My brother would reach up and wipe the corners of his mouth, trying to prevent the blood from getting on his paper. One of his tics was opening his mouth so wide that these sores started forming in the corners of his mouth– and for months on top of months, they never stopped bleeding.
Over night, they’d scab over, then in the rush of trying to get him ready for school, our mother yelling in frustration trying to get herself and three children fed, dressed, and out the door, he’d start again. The sores grew over time, too, these big, sad punctuation marks on this mouth that would open so wide you could hear his jaw grind.
The thing that was the most sad was that he never complained. Ever.

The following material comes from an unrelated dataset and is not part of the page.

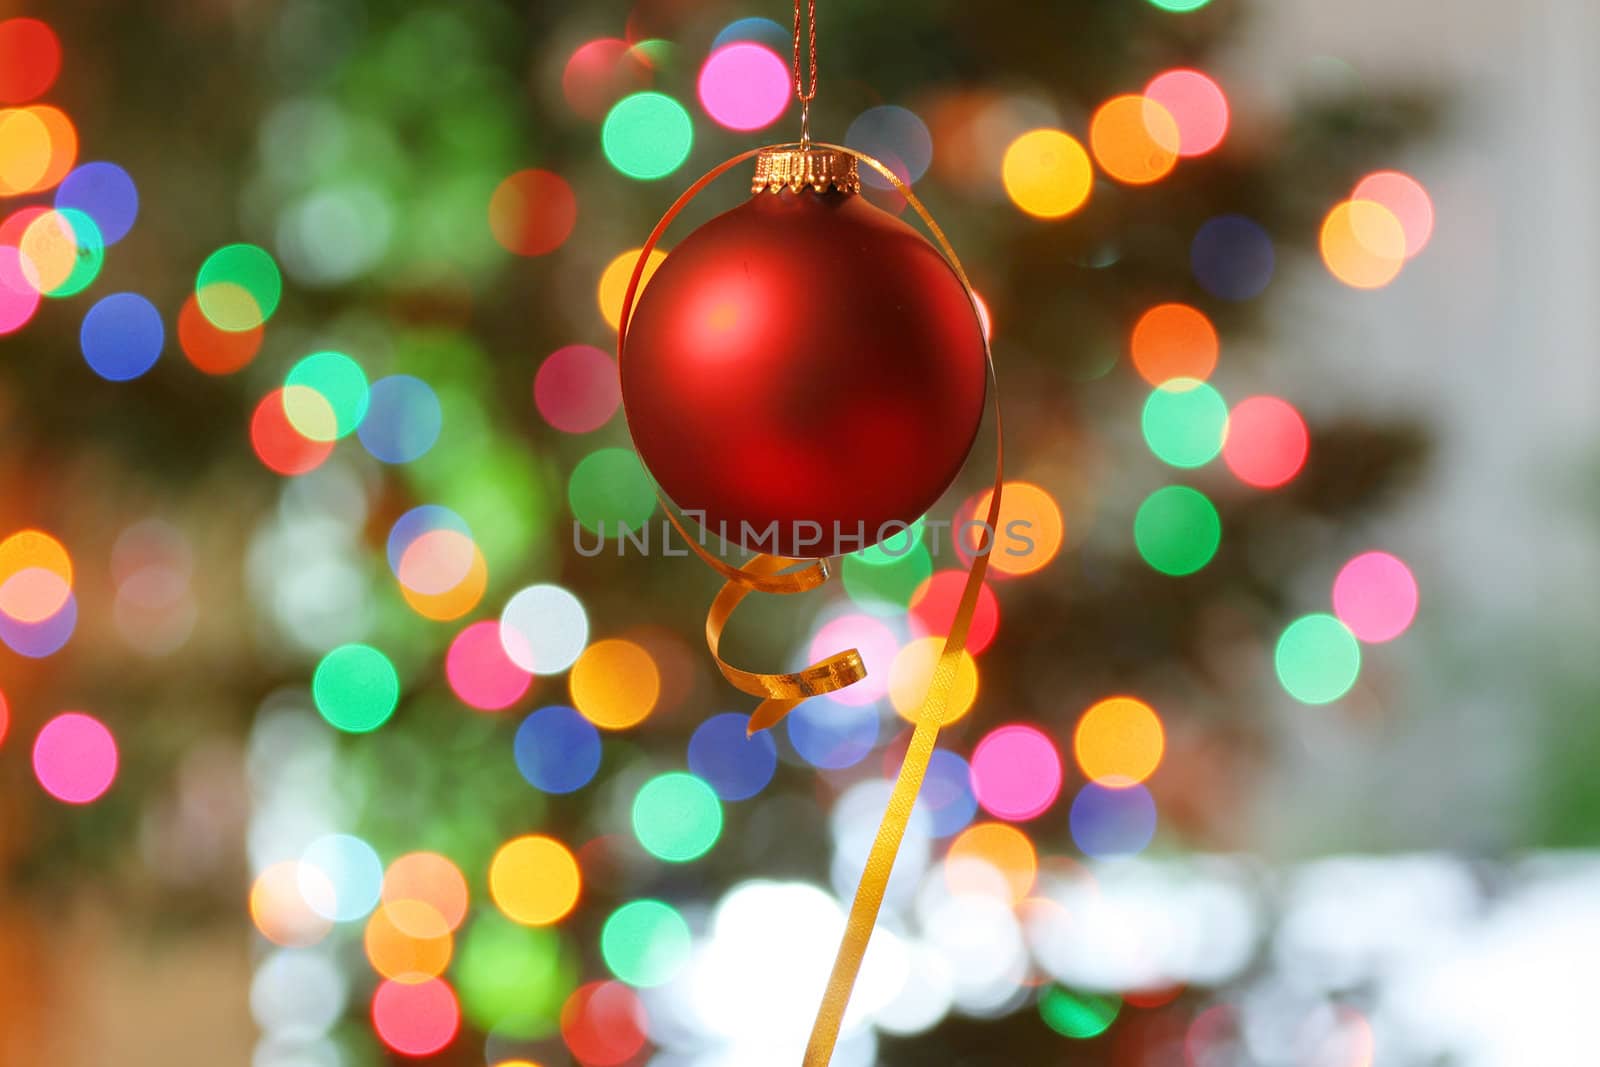 Red frosted Christmas ornament with colorful lights in background.
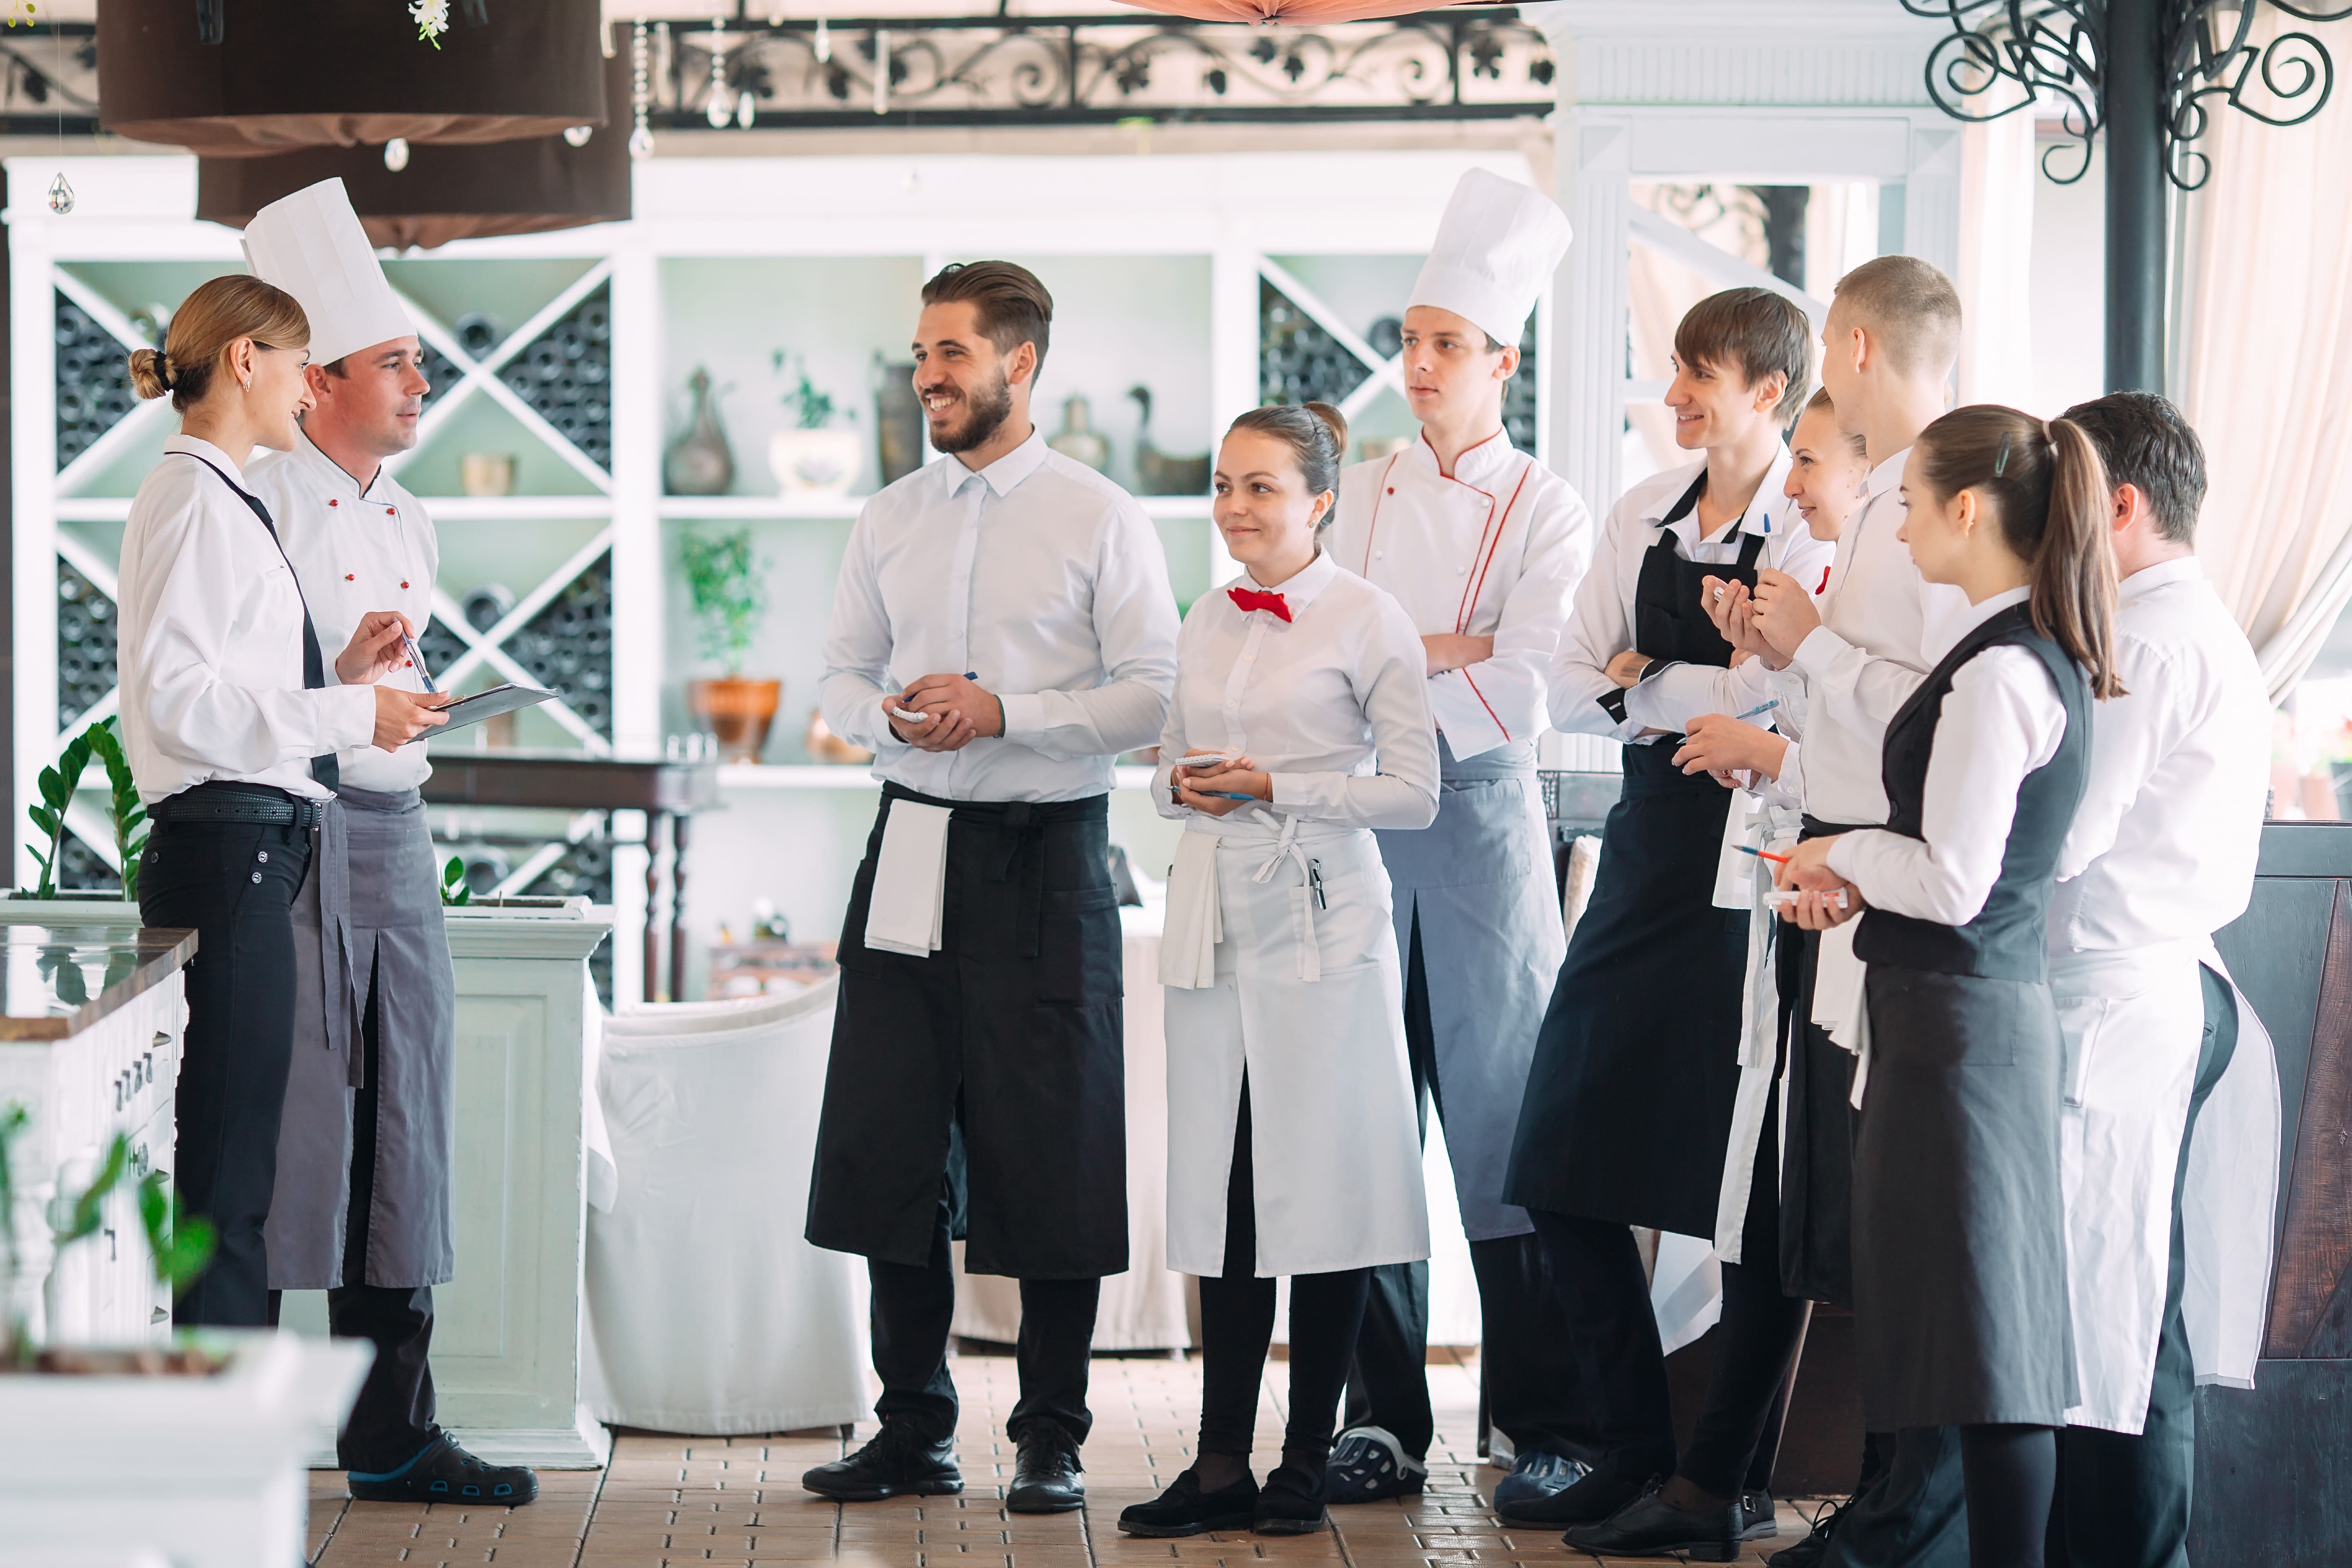 With over 50% of women workforce gender equality is still a myth in the hospitality sector

And every day, there he sat in that room, alone. I’d begged my parents to do something about it. They seemed to oscillate between sympathy for him, sharing my indignation, and believing he just needed more discipline. My undiagnosed autism was less obvious, my dyslexia mostly self-accommodated by that age.
But I understood him. I knew how he felt, and they couldn’t. Maybe if they had more information, or access to the neurodiversity movement– but they didn’t.
So one day, standing in the hallway, digging my nails into my skin again hoping that the pain would keep me more angry than destroyed so that I didn’t start crying, I couldn’t help myself anymore. I went into his classroom to talk to him.
He was writing sentences. “I wil bo my work.” But the “r” was backwards, too. He never did anything wrong, never swung back at his bullies, never talked back to his teachers, never said no. This was learned helplessness. I told him that he didn’t have to finish the sentences. He looked at me like, “Are you sure?”
“Yes, I’m sure,” I told him. “You can just get up and play in the room.”
I left him there and walked out of the building, my feet kicking up a trail of dry dust behind me as I marched with purpose to the playground around the backside of the school.
All eight swings were going, kids waited in line at the monkey bars. Two little girls in pig tails and matching dresses were spinning on the new merry-go-round. And there, in the shade, his teacher leaned against the brick, grinning warmly and watching her kids. That was not the face she wore when she looked at my brother.
She saw me coming and smiled at me, then her smile melted into a concerned grimace. My approach was not a friendly one. My adrenaline and rage was consummate. I believe I could’ve turned over a vehicle with the energy of the raw electric sense of justice coursing through me.
“You are the devil,” I told her, “And I will send you back to hell if my brother spends one more recess in the dark, alone.” The teacher didn’t tell my parents everything, maybe because it didn’t seem plausible, and maybe because she didn’t want them to realize just how cruel she’d been for how long.
I paid dearly for that stunt. I knew I would pay dearly. I was the honor’s student with the rigid rule-following and perfectionism, and so any infraction was a big deal. This was the biggest– but it was worth it.
My brother spent no more days in seclusion after that.